Unlike ArtTLV 08, an assembly of arcane and confusing sculptures, installations, conceptual pieces, photos and paintings displayed recently at the Rubinstein Pavilion, Ruiz provides viewers with a well balanced, fresh and a intelligible array of works in diverse media including an out of the ordinary installation constructed in situ with bits and pieces culled from local vendors.

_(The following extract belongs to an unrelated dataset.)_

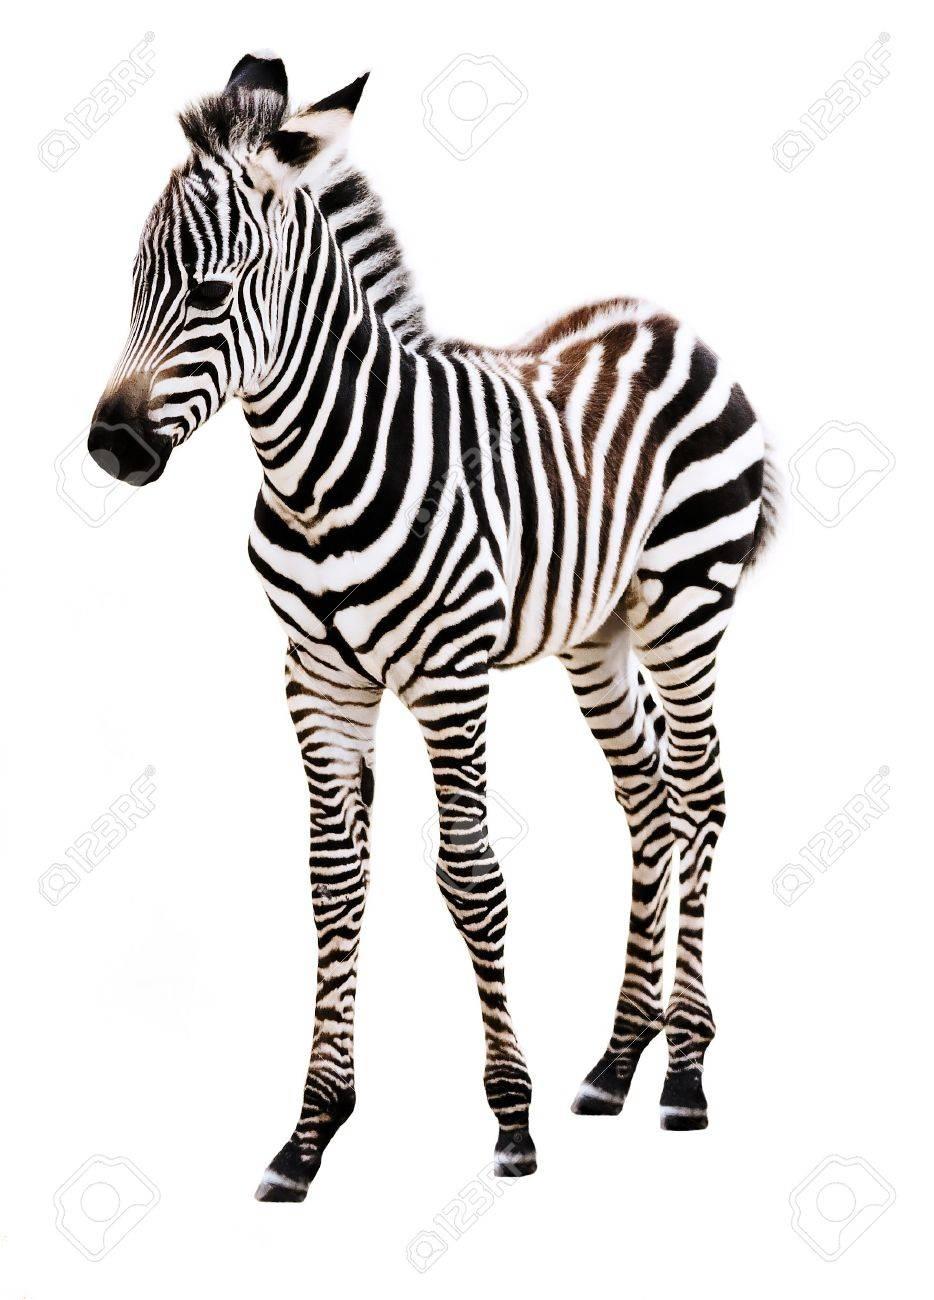 Adorable Zebra standing, on white background. Stock Photo - 5320765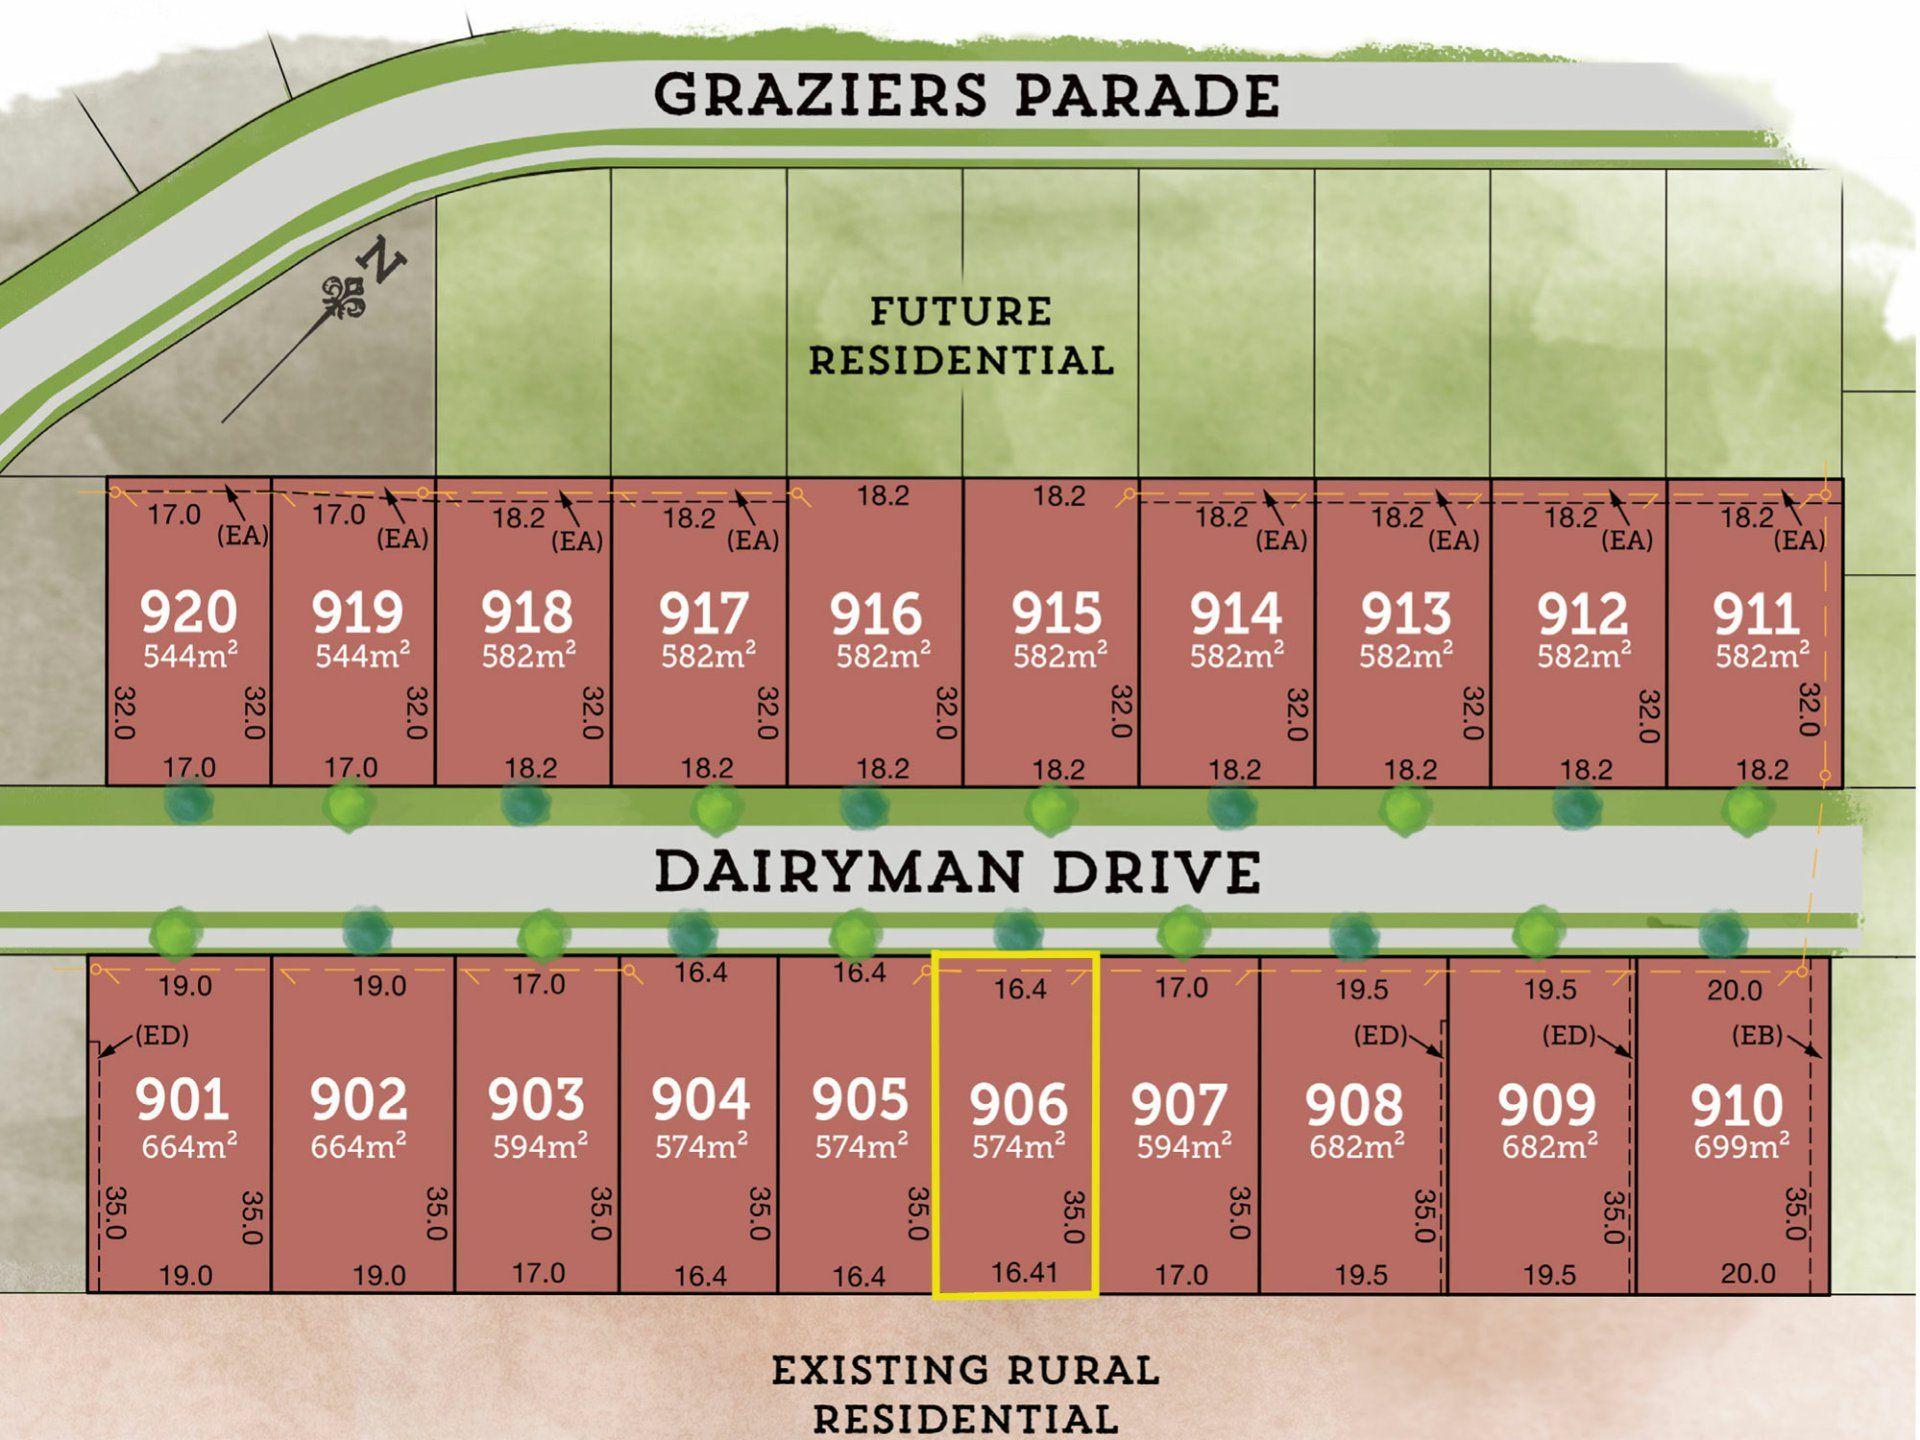 906 Dairyman Drive RAYMOND TERRACE 2324

In a conversation I had with Fran Siegel (b. 1960, New York), represented in the show with Overland I and II, large-scale unframed drawings of a topographical nature, she indicated her work has developed from sequential photographs of Los Angeles shot from an aircraft on its descent to the airport. Referring to them as "unified surfaces of information" Siegel's non-objective planes and lines coalesce into what she calls nomadic drawings for they have no roots or a particular focal point. The several layers of transparent vinyl and opaque black, ocher and white cut papers, embellished with colored pencil and pigments, are stitched and glued together like a Beduin tent as they amble across the plane, halted at times when her diagrammatic vocabulary is recycled into an apocalyptic language.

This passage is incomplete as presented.